The alcove, their partly in, is half hidden from the rest of the party-goers. Teens walk back with their own dates, too high, or drunk to care what's going on and too focused on what they themselves are going to do next. Kirk knows they could move somewhere private, the girl now draping her hair across his neck half-heartedly suggested as much before letting the matter drop. But he doesn't care to be alone in some deserted room with just him and her; it'll feel too much like a cell…and that's the one thing he doesn't need to be reminded of.
He saw her when he first came in….her name's Cassie or something like that.. He can't quite remember, he's better now than he was but most days still pass in a blur as he feigns normalcy.
He's graduated up from being the creepy damaged kid who is just a mess, to the bad-boy with a dark past. It's an improvement, moving from scathing comments and sympathetic glances to flirtatious remarks from his female classmates and somewhat grudging respect from the male ones.
Apparently acting like he doesn't give a care about much of anything, even living or dying is a turn on…except most people don't get it's not an act. He doesn't tell them that four weeks ago he didn't drink enough alcohol that he passed out because it was fun, but instead he did it because he was trying to forget and didn't really care about what the consequences would be. He keeps it to himself after a race on stolen air bikes , in which he emerges the very much battered victor that his insane death defying race to victory wasn't a result of giving it his all to win the race , but not giving a care whether it was his last race ever. He doesn't tell them that the hypos , pills and liquors he now regularly consumes aren't a result of him being the life of the party, he keeps silent because he knows it would be strange to say that he'd rather be the death at the party….curled up in a back room and finally released from his life.

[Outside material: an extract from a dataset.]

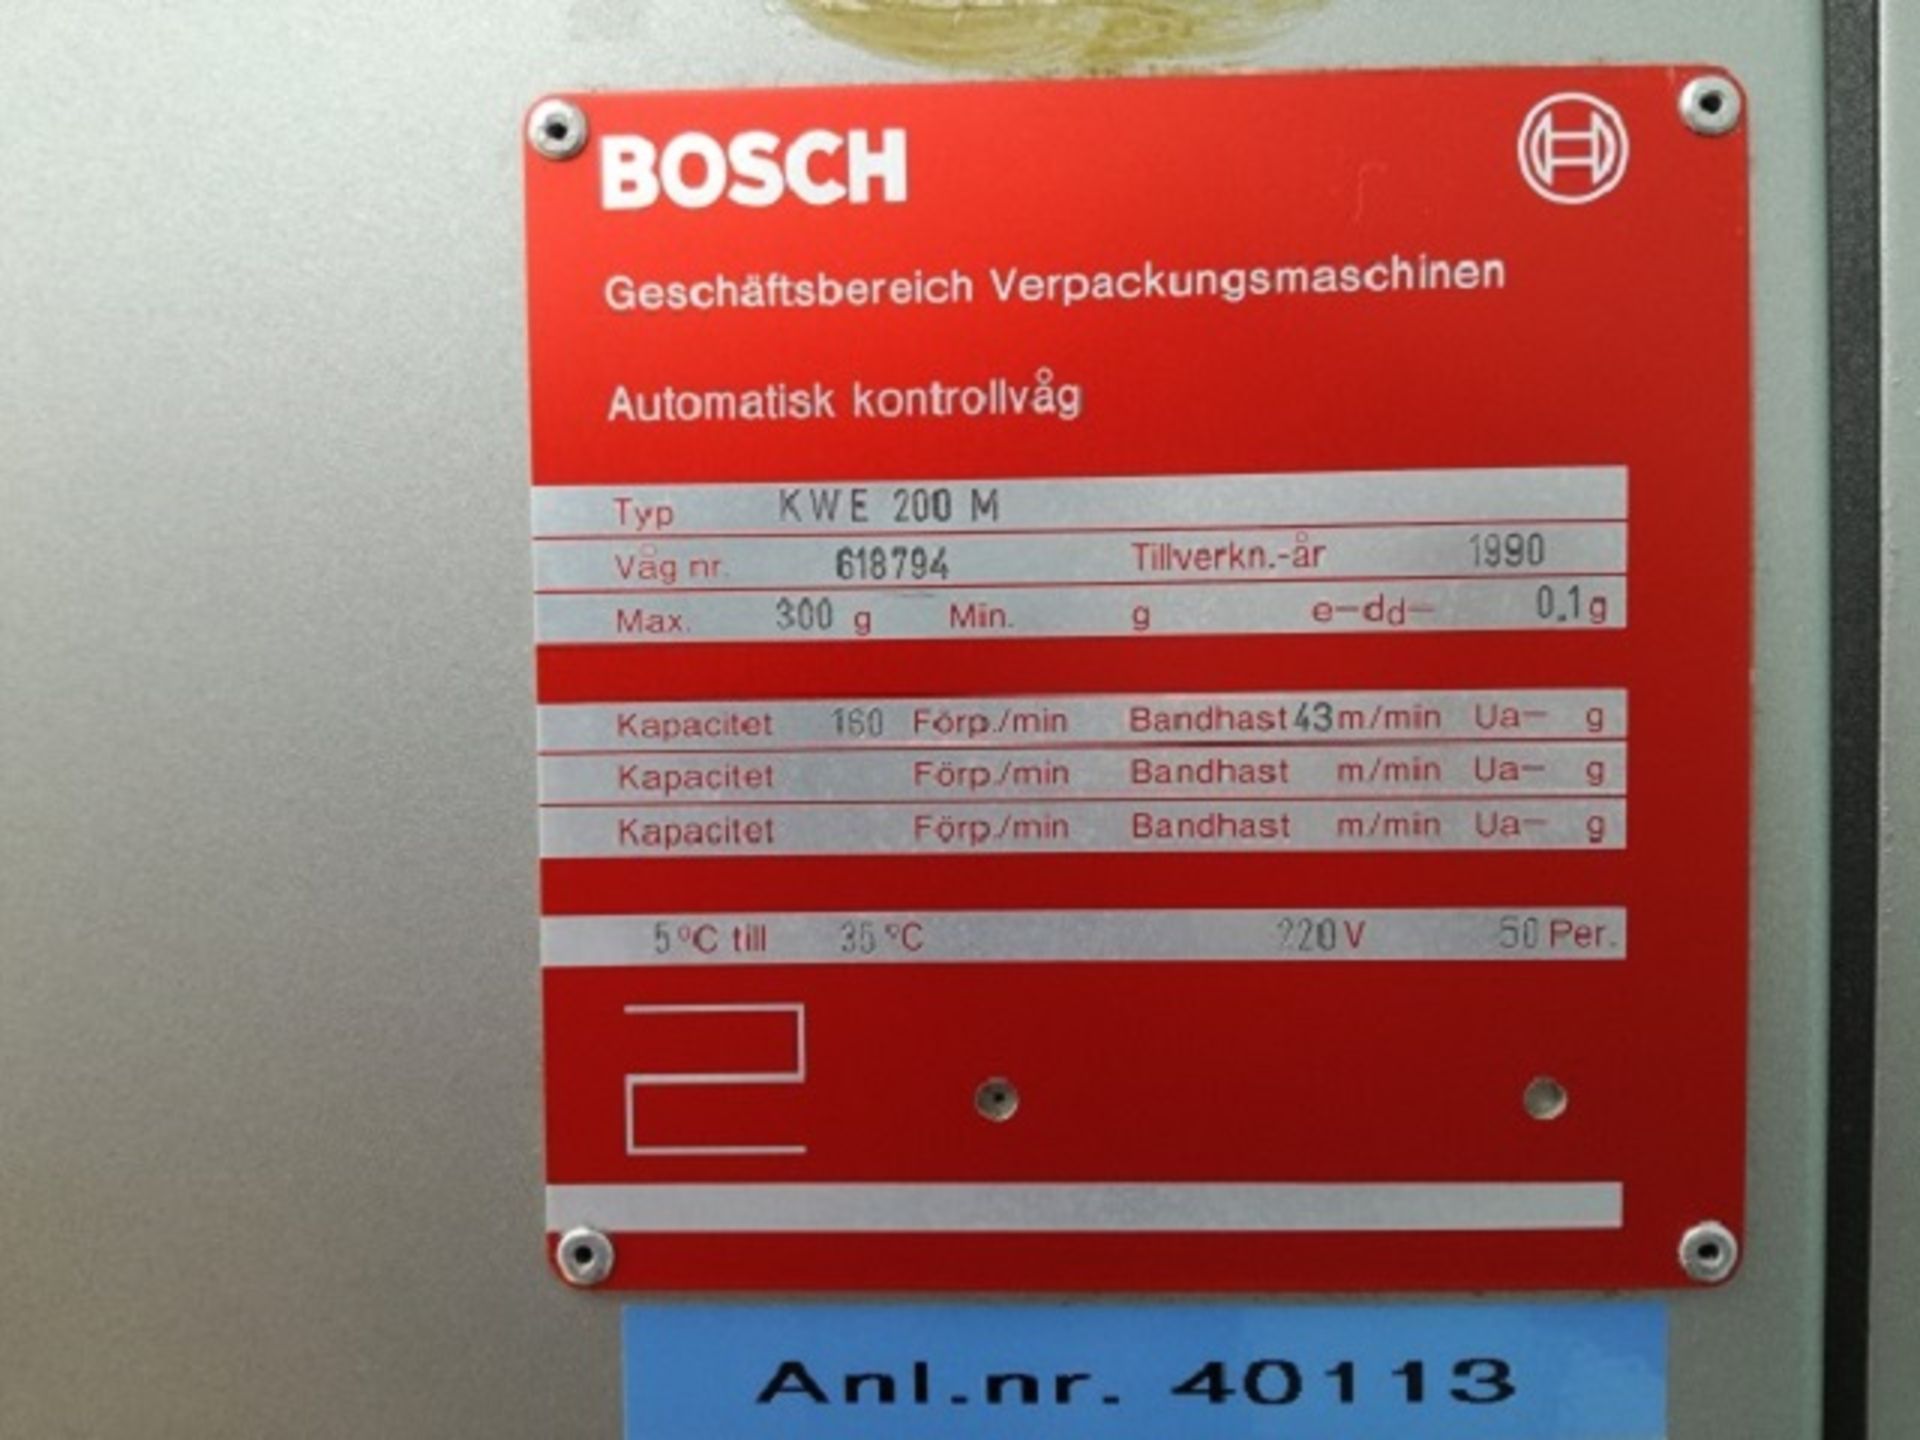 Bosch model KWE 200M modular in-line checkweighing system - Image 9 of 9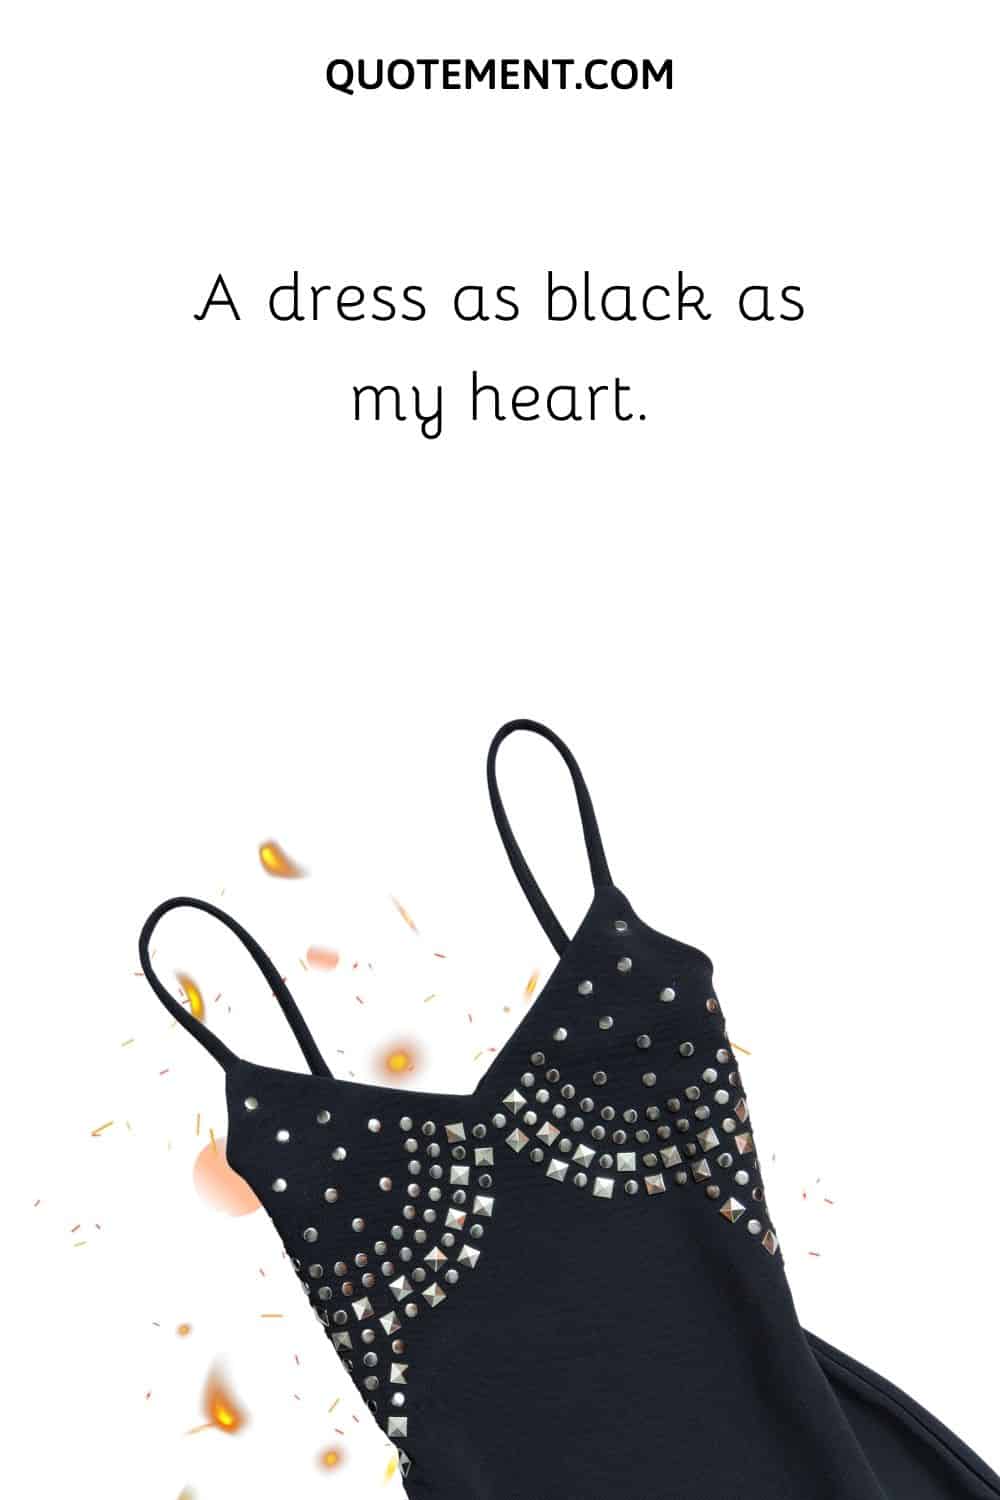 A dress as black as my heart.

After all if it's an accident then it really isn't taking his own life is it?
But right now he's fifteen and headed fast to nowhere. He wishes he could have seen what was about to happen and stopped it. But he had hadn't been able to say a word. It would have seemed weird, bizarre, abnormal for a fifteen year old male with supposedly raging hormones to push a beautiful and all too willing female away. So instead he pushed away the fear surging through his body at her touch of his thigh and walked away in a wake of wolf whistles and cat calls from his friends, after Cassie had let her intentions be all too clear. He let her hand tug him along to a somewhat secluded corner as he downed the last of the drink in his cup wishing the misnomer of liquid courage actually applied to the beverage scorching its way down his throat.
He was supposed to be enjoying the situation, and he felt it bizarre and sick for finding her body pressed against his and her slight frame grinding against him repulsive. He wanted to push her away, but he knew then he would be labelled.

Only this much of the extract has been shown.